Ces deux aspects (surtout le second) étaient déjà perceptibles dans l'oeuvre publiée jusqu'à présent. La publication (et surtout la traduction en français) au mois d'avril de l'intégralité des "Carnets noirs" devrait permettre de quitter les sables mouvants et de marcher enfin sur la terre ferme en se fondant sur des écrits.

PS : à l'heure où j'écrivais cet article, j'ignorais deux choses : a) la participation de Heidegger à la commission des lois aryennes, jusqu'en 1942,  qui mis en place la "solution finale" et le contenu exact de ses cours des années 30.

"Cinquante ans après la mort de Nietzsche, un autre philosophe allemand, Martin Heidegger, devait rester rivé à une problématique de la puissance dont il lui plaisait de penser qu'elle s'était, d'une manière ou d'une autre, affirmée sans avoir besoin de questionner sur les Juifs, à un moment où, pourtant, elle avait tenté de les exterminer.
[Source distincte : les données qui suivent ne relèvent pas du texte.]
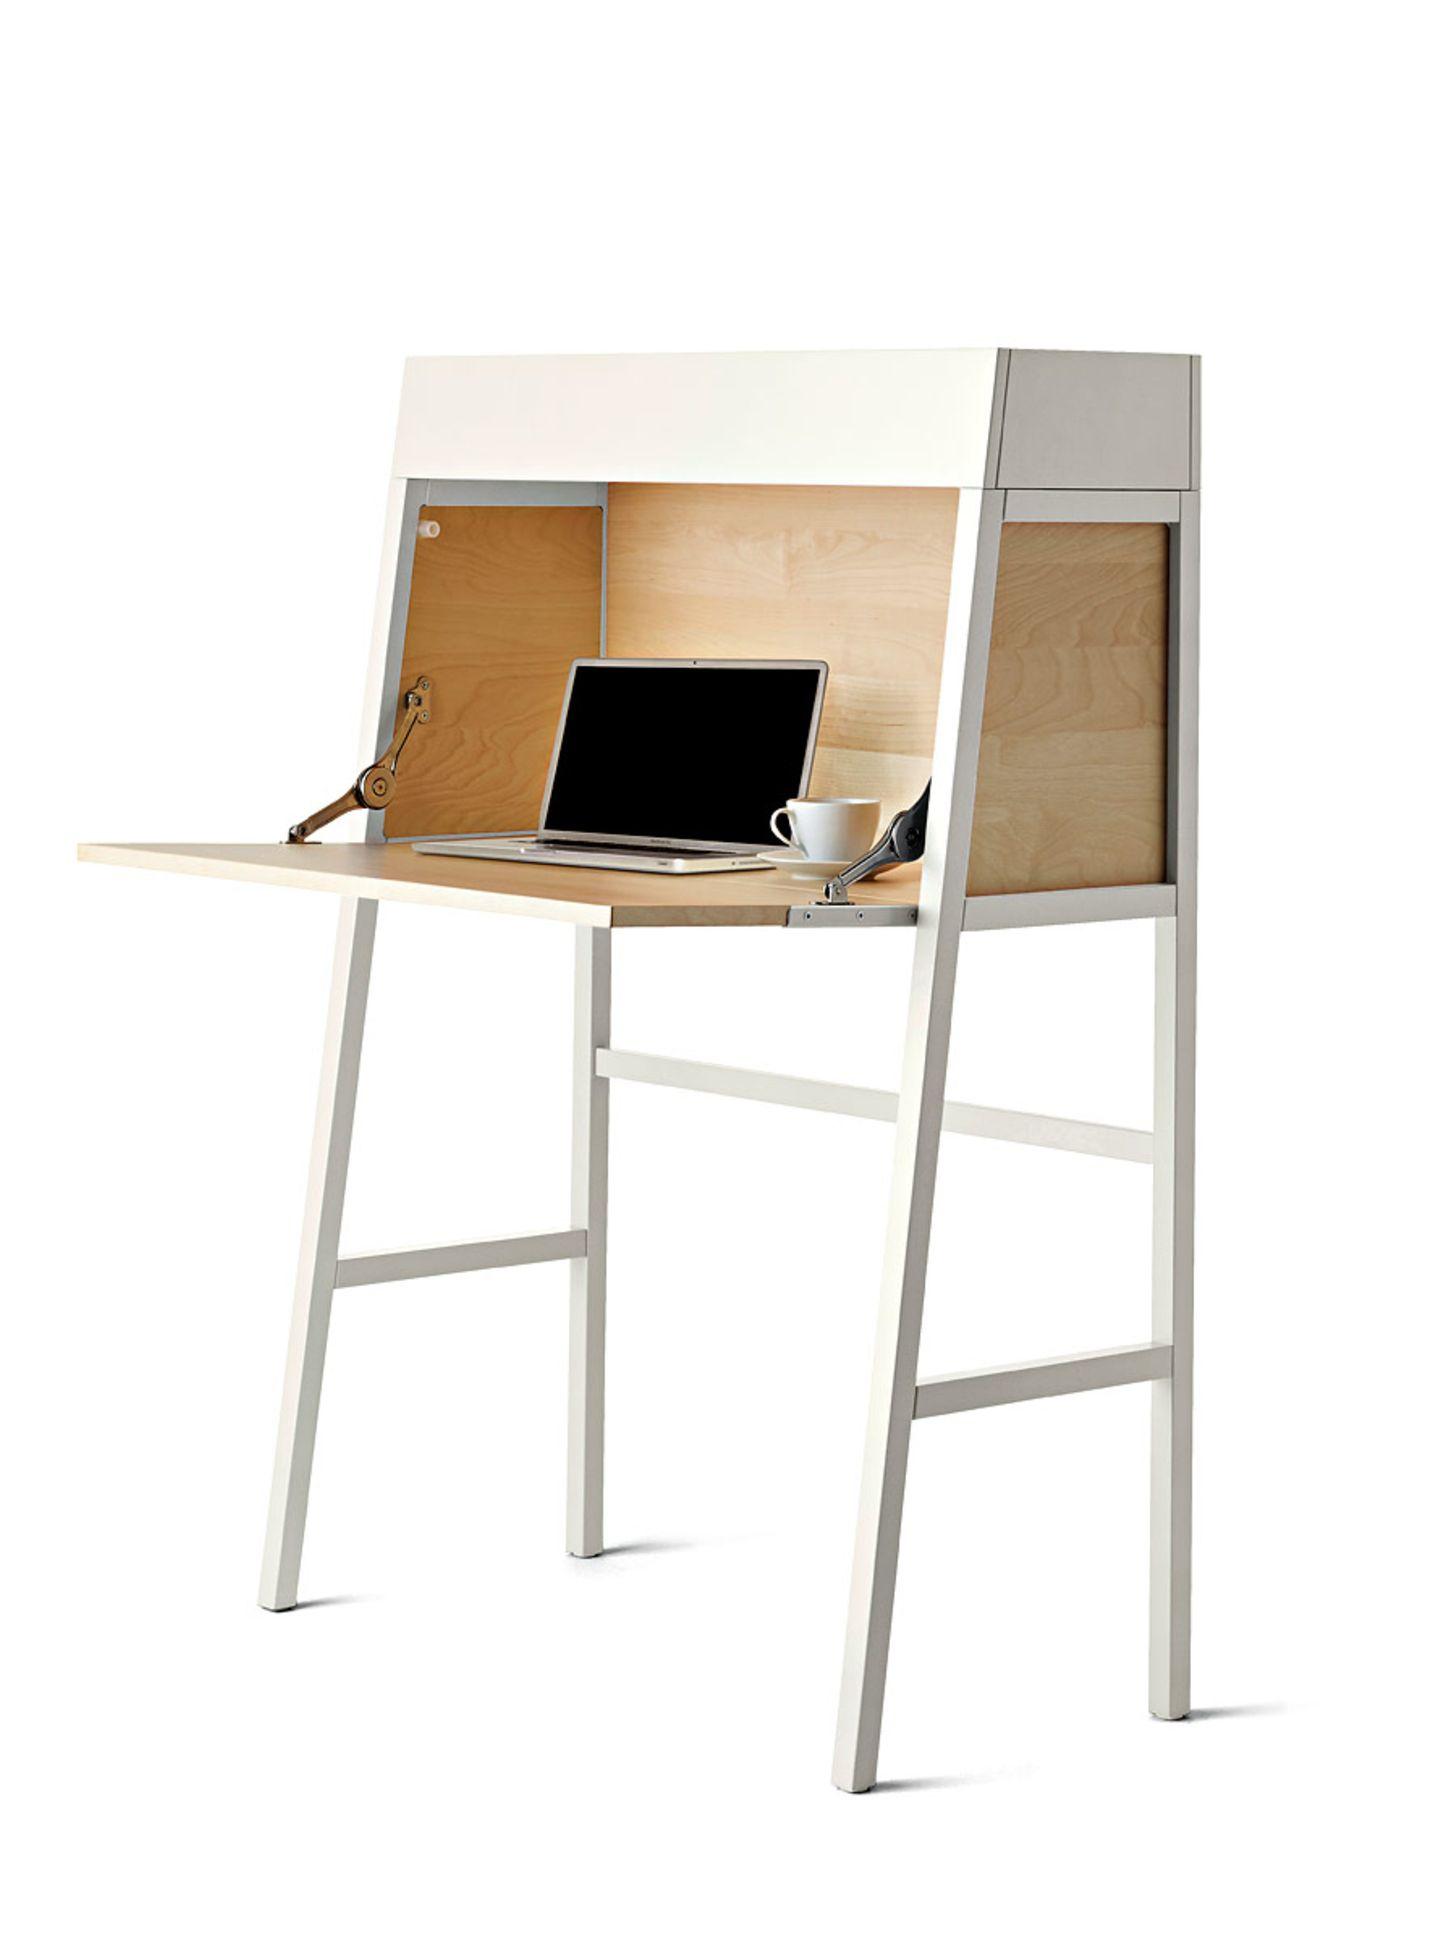 "Sekretär ""PS"" von Ikea - Bild 37"

A aucun moment de sa vie et de son œuvre, ce philosophe ne jugea bon de réfléchir sur le destin que l'Europe nazifiée devait réserver aux Juifs : l'Extermination, ni mentionner pourquoi ce désastre n'avait produit aucun effet sur lui..."

"L'affaire de l'effacement de la dédicace de son livre Zein und Zeit à son maître Husserl, pour qu'il soit réédité, à l'époque du nazisme triomphant témoigne de la capacité de Heidegger d'annuler rétroactivement la trace juive dans la pensée allemande. Au lieu de dénoncer le national-socialisme dont il méprise la composante racialiste, Heidegger lui restitue de la spiritualité. Et quelle spiritualité ! En effet, en effaçant le nom de Husserl, Heidegger n'efface pas seulement la source juive, mais également, puisque Husserl s'était converti au luthéranisme en 1886, la source juive en tant qu'elle se nie elle-même.

La négation de cette négation culmine dans l'oubli de ce qui a été et continue d'être, même sous sa forme niée. "Le plus grand philosophe depuis les Grecs" a renié ses ascendances juives. Il y a là une trace à suivre : décrire la métaphysique allemande comme expurgée, à l'origine, de tout judaïsme. La purification en cours n'est pas son affaire. Elle est seconde, parce qu'en fantasme, elle a déjà eu lieu.

Dès lors Heidegger ouvre la boîte de Pandore : l'affirmation d'un monde originaire européen comme "ajuif" (inversion temporelle du "judenrein" nazi) que l'antisémite peut reprendre à son compte, sans s'avouer son antisémitisme. Sans s'être donné cette tâche à accomplir, il trouble le jeu de l'anti-antisémitisme, en y introduisant un nouveau cheval de Troie.

Avec Heidegger, l'anti-antisémitisme devient le vecteur de l'avenir anti"sémite" de l'Europe. Le philosophe Jacques Derrida semble l'avoir compris qui souligne, un moment, le dévoilement de la forclusion du sens du mot hébraïque "ruah" (souffle, esprit) par la pensée heidegerienne, mais non sans avoir auparavant amorti le trait de sa démonstration, en faisant précéder son argument métaphysique d'un argument moral curieux qui introduit une hiérarchie du "pire" dans l'évaluation du silence de Heidegger pendant et après la Shoah.

Ainsi la césure de l'annulation rétroactive demeure. Derrida en fut si conscient qu'il tenta l'alliance désespérée de Heidegger et de Freud."

(Gérard Huber, Guérir de l'antisémitisme, Pour sortir de la condition post-nazie, aux éditions Le serpent à Plumes)

NB : Jacques Derrida cherche à tout prix à "sauver" la pensée de Heidegger à laquelle il doit deux concepts fondamentaux : le concept de "différAnce" (chez Heidegger : la différence ou le "pli" de l'Être et de l'étant) et la "déconstruction" ("déconstruction" ou "désobstruction", chez Heidegger, de la métaphysique occidentale) ; cette filiation "oedipienne" lui interdit d'aller plus avant dans le questionnement sur l'antisémitisme de Heidegger (forclusion du soupçon quant au Père), non par racialisme, mais par forclusion du judaïsme et assignation de l'origine de la pensée européenne à ses seules racines helléniques.